SGLang provides a direct inference engine without the need for an HTTP server, especially for use cases where additional HTTP server adds unnecessary complexity or overhead. Here are two general use cases:

- Offline Batch Inference
- Custom Server on Top of the Engine

This document focuses on the offline batch inference, demonstrating four different inference modes:

- Non-streaming synchronous generation
- Streaming synchronous generation
- Non-streaming asynchronous generation
- Streaming asynchronous generation

Additionally, you can easily build a custom server on top of the SGLang offline engine. A detailed example working in a python script can be found in [custom_server](https://github.com/sgl-project/sglang/blob/main/examples/runtime/engine/custom_server.py).



## Nest Asyncio
Note that if you want to use **Offline Engine** in ipython or some other nested loop code, you need to add the following code:
```python
import nest_asyncio

nest_asyncio.apply()

```

## Advanced Usage

The engine supports [vlm inference](https://github.com/sgl-project/sglang/blob/main/examples/runtime/engine/offline_batch_inference_vlm.py) as well as [extracting hidden states](https://github.com/sgl-project/sglang/blob/main/examples/runtime/hidden_states). 

Please see [the examples](https://github.com/sgl-project/sglang/tree/main/examples/runtime/engine) for further use cases.

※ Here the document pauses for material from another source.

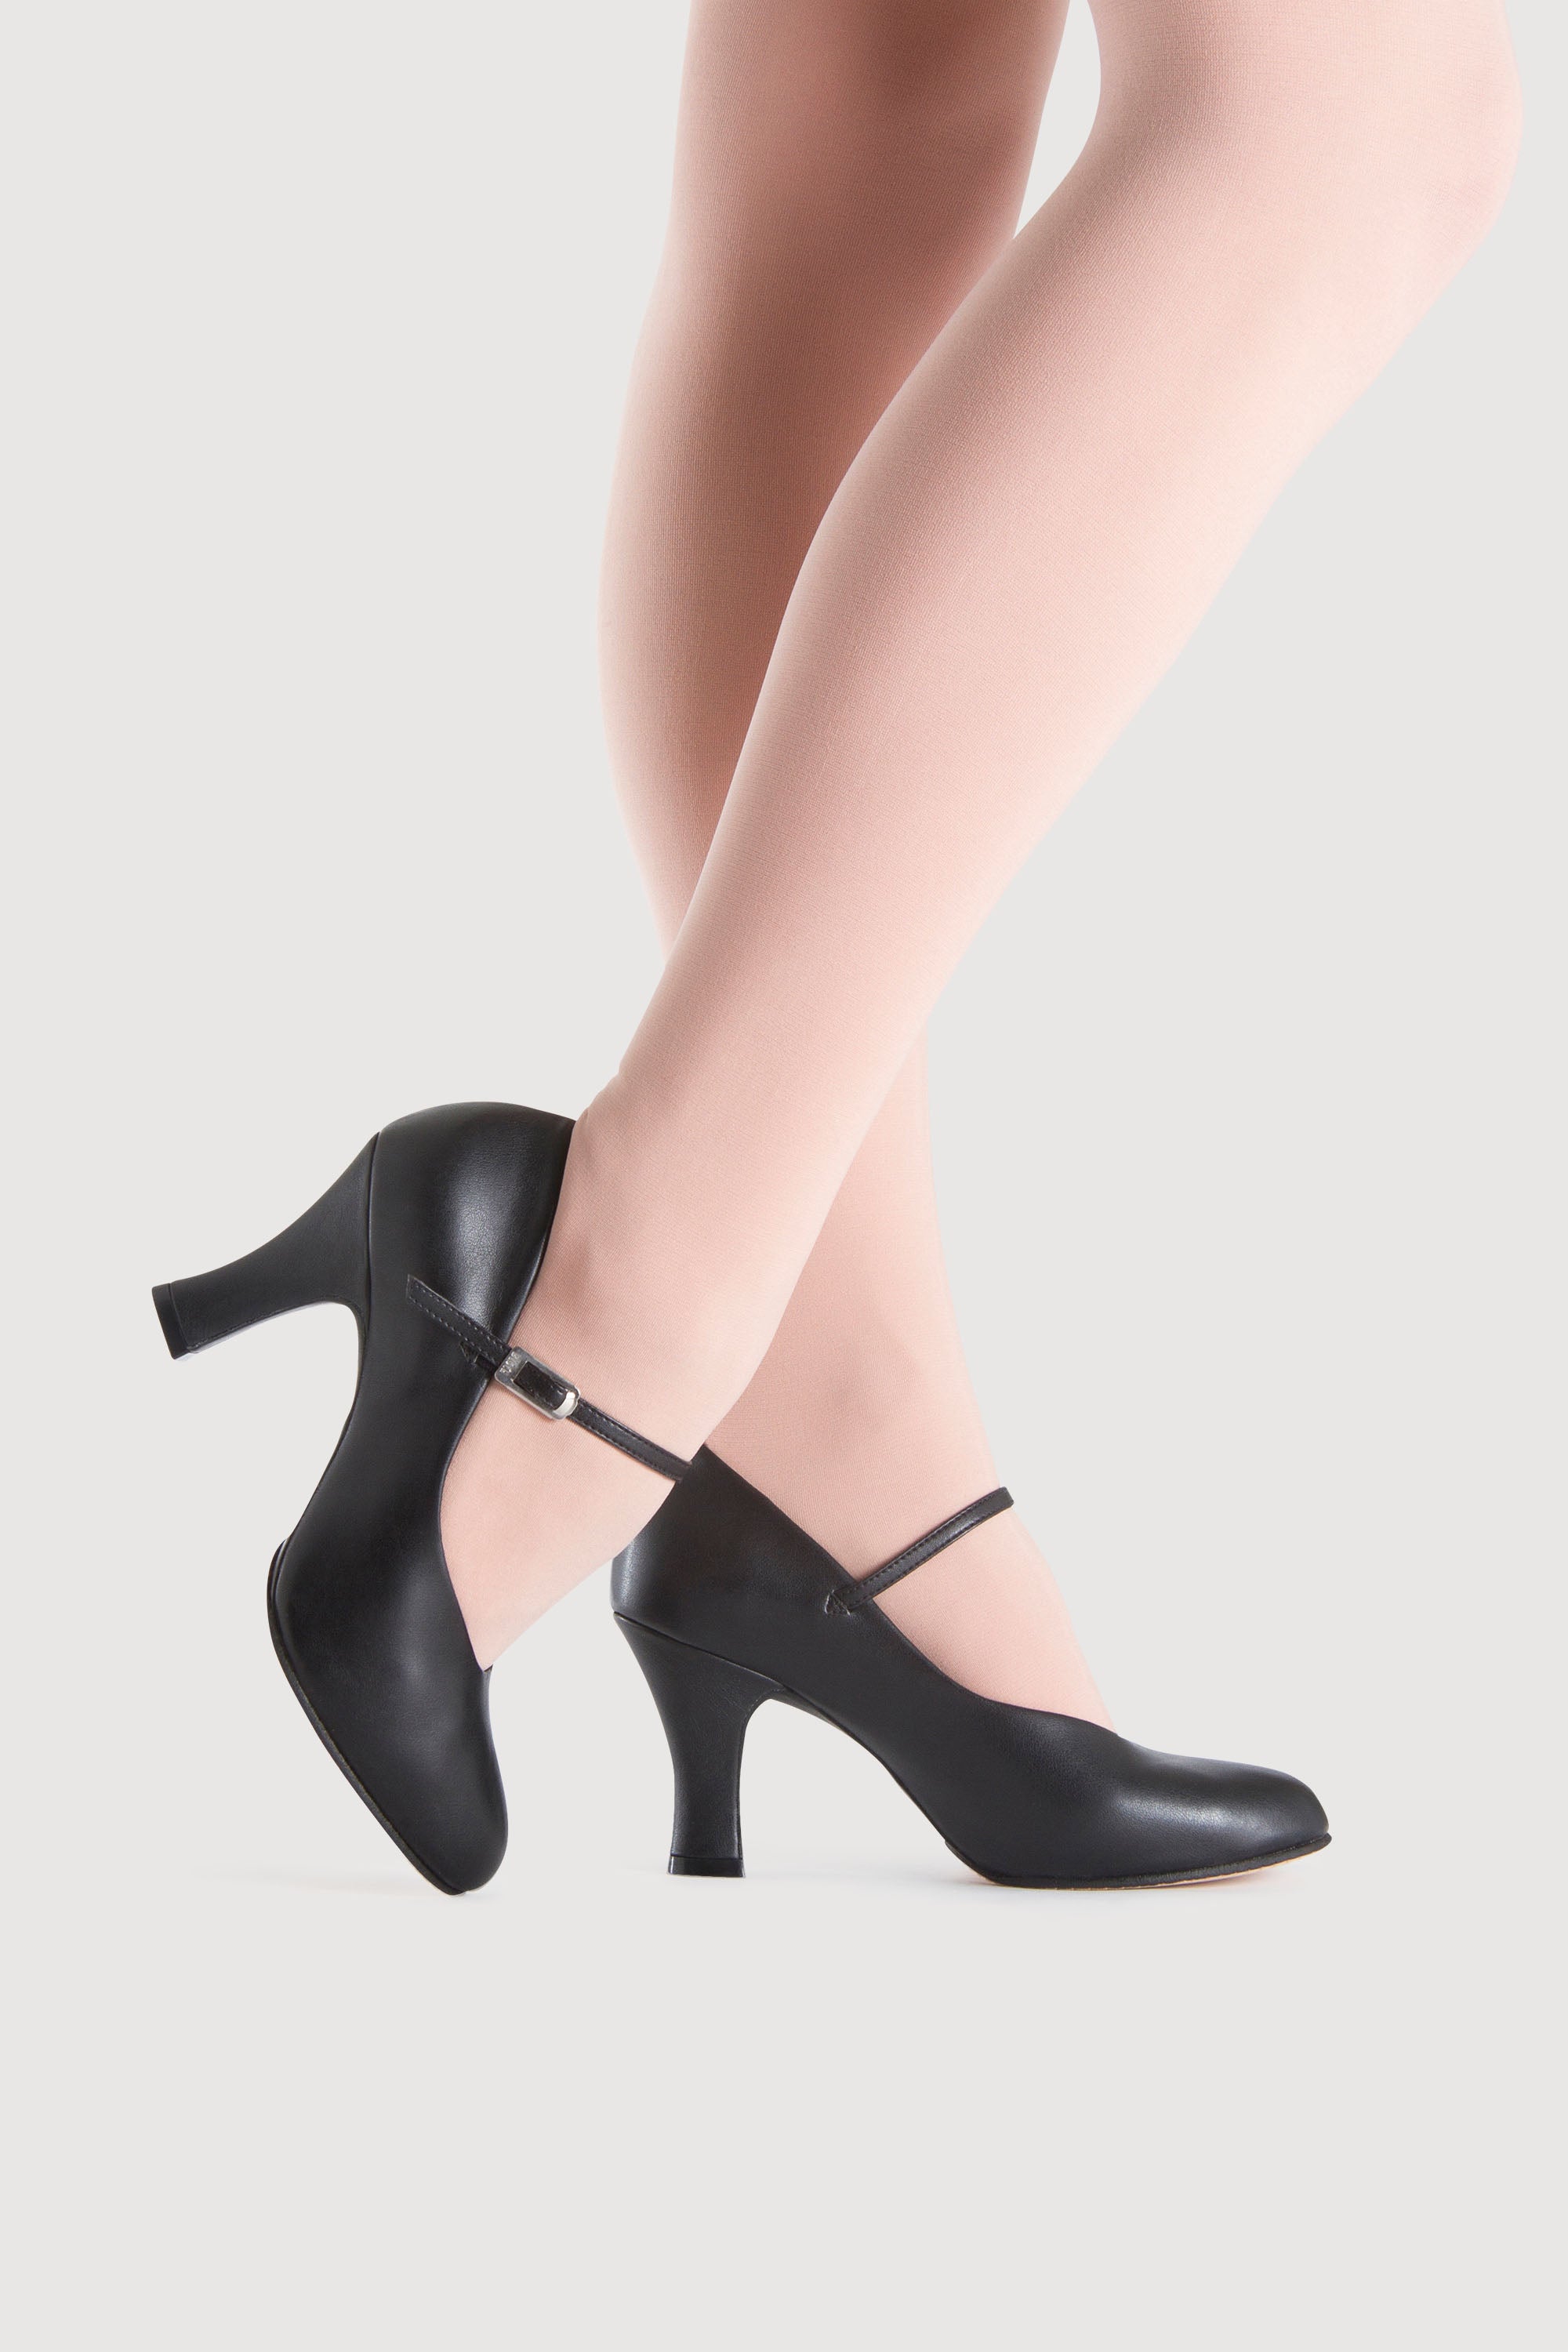 Black High Heels Women Pointed Toe Stiletto Heel Pumps Dress Shoes -  Milanoo.com

## Offline Batch Inference

SGLang offline engine supports batch inference with efficient scheduling.

In [1]:
# launch the offline engine
import asyncio

import sglang as sgl
import sglang.test.doc_patch
from sglang.utils import async_stream_and_merge, stream_and_merge

llm = sgl.Engine(model_path="qwen/qwen2.5-0.5b-instruct")

[2026-02-17 04:21:34] INFO utils.py:148: Note: detected 112 virtual cores but NumExpr set to maximum of 64, check "NUMEXPR_MAX_THREADS" environment variable.

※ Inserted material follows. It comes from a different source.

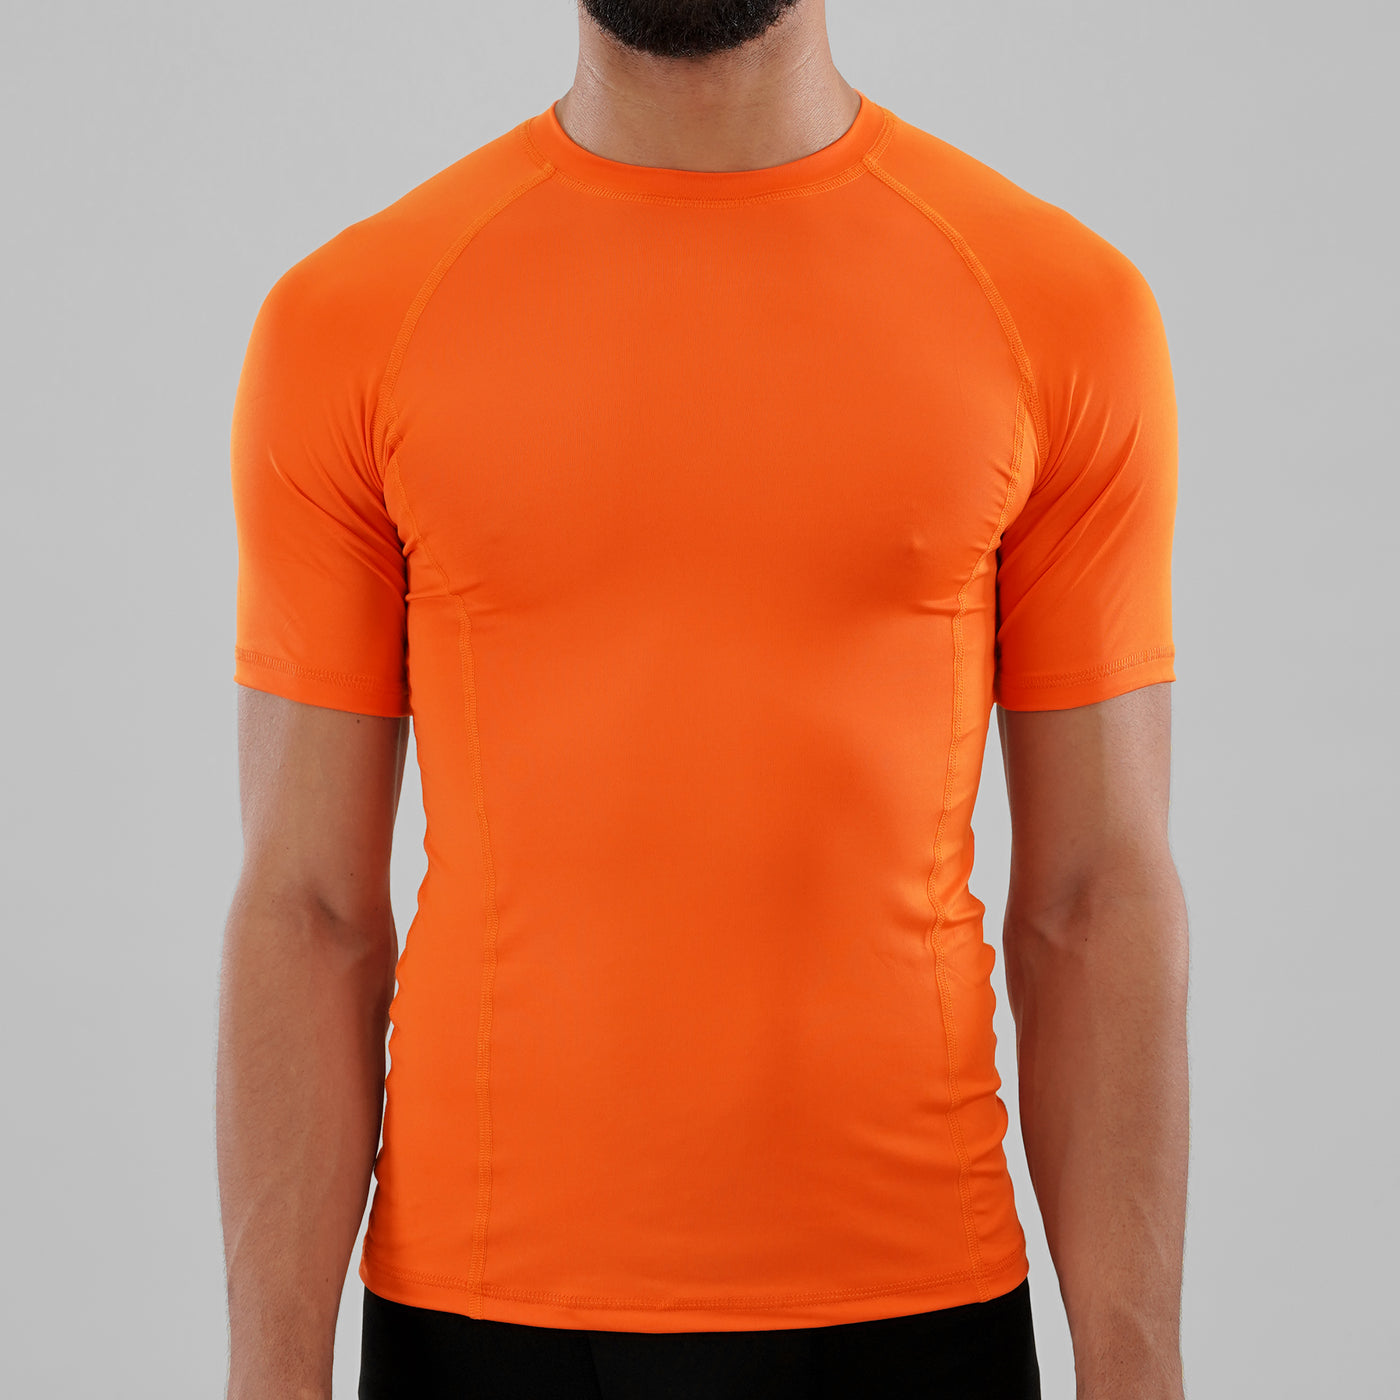 Hot Orange Compression Shirt

[2026-02-17 04:21:34] INFO utils.py:151: Note: NumExpr detected 112 cores but "NUMEXPR_MAX_THREADS" not set, so enforcing safe limit of 16.


[2026-02-17 04:21:34] INFO utils.py:164: NumExpr defaulting to 16 threads.




[2026-02-17 04:21:36] INFO server_args.py:1830: Attention backend not specified. Use fa3 backend by default.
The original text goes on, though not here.